Facebook started with MySQL and they only moved to Cassandra when they had 7TB of inbox data for over 100 million users.
Source: Lakshman, Malik: Cassandra - A Decentralized Structured Storage System.
If you are on a budget, start with MySQL and use a system like Zend::DB or on a higher level Doctrine.
It's more important to make it easy to switch DMBS then to choose your DBMS at the beginning.
MySQL has no problem with millions or hundreds of millions of records as long as you design you database correctly.
That being said, a "messages feature like Facebook" is a pretty broad definition. Generally, you would define a messages
table that links each message to the user that created it (ie, have a userId
column in the messages table). If you want messages to go to multiple users, you have a message_recipients
table defining the 1-to-many relationship by storing multiple records consisting of the messageId
and a recipientId
. Add the proper indexes to these tables and you're 80% of the way there.
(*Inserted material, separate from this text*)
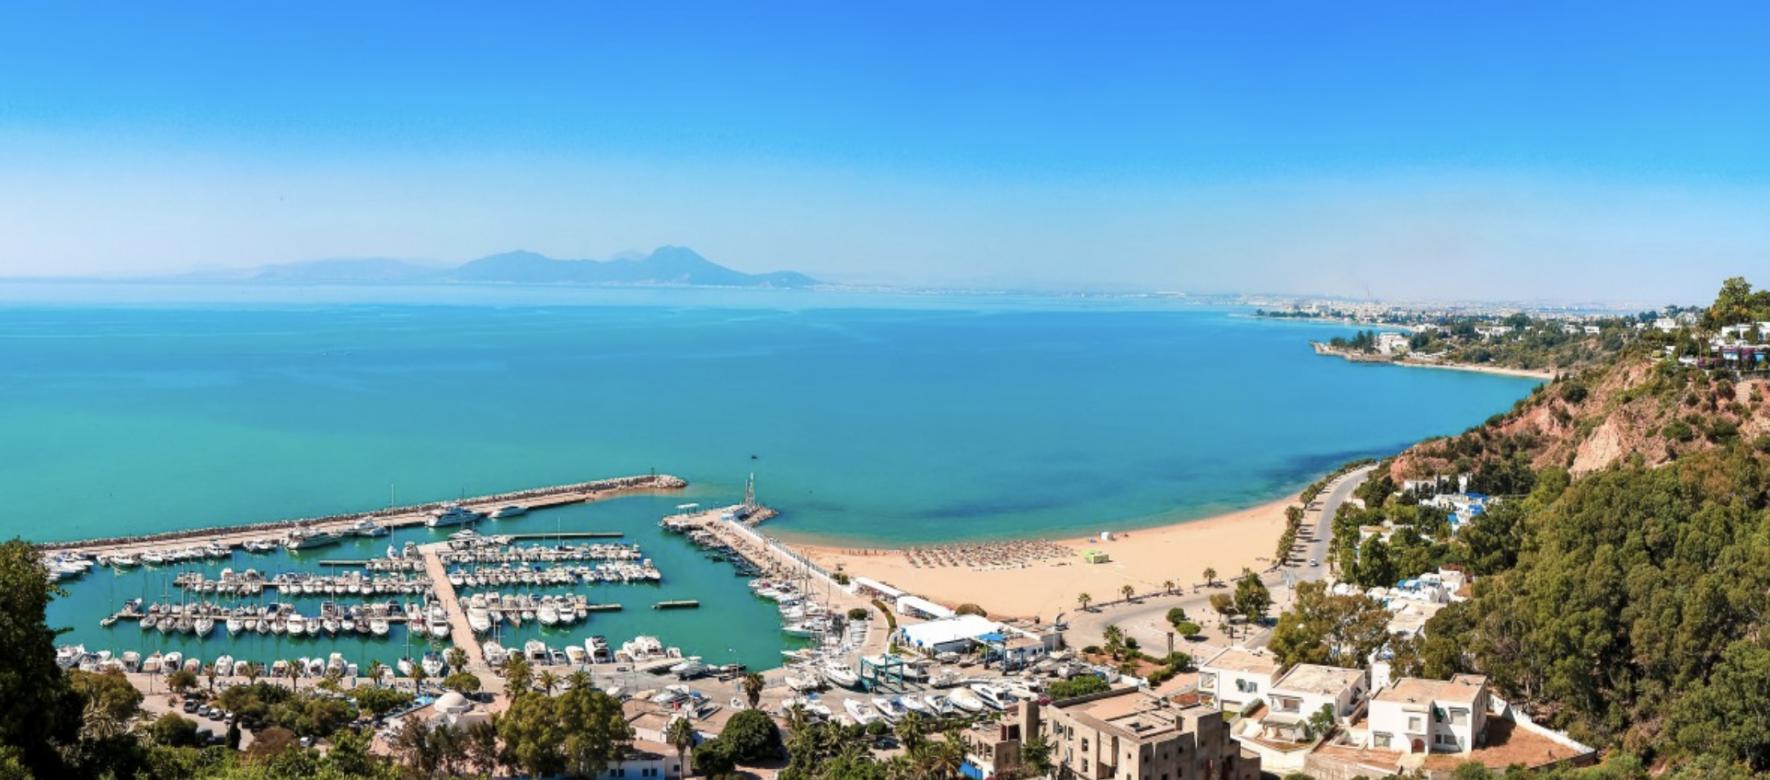 La Tunisie voit chuter ses recettes touristiques de 65%

That being said, that remaining 20% can be a killer. Unfortunately, how you use your database is going to determine what else you need to do, and you'd have to provide a lot more detail about your application before those judgments can be made. For example, you might wish to consider having auto-archiving solution which keeps the main table relatively small, and moves old data to backup tables that can be accessed if necessary. You probably won't need this right away, but it could help in the future.
You are not very precise on what you want to learn. Okay. I'll try to give you some advice.
- Normalization
- Indexes
- MyISAM for tables under high load
- Denormalization (sic!), but you should understand what are you doing
- Sharding
- Minimalistic DB layer for flexibility
I wanted to thank everyone for your valuable input. I left the question a bit broad intentionally. I will continue to use MySQL for now with the proper tables and relationships. Thanks again!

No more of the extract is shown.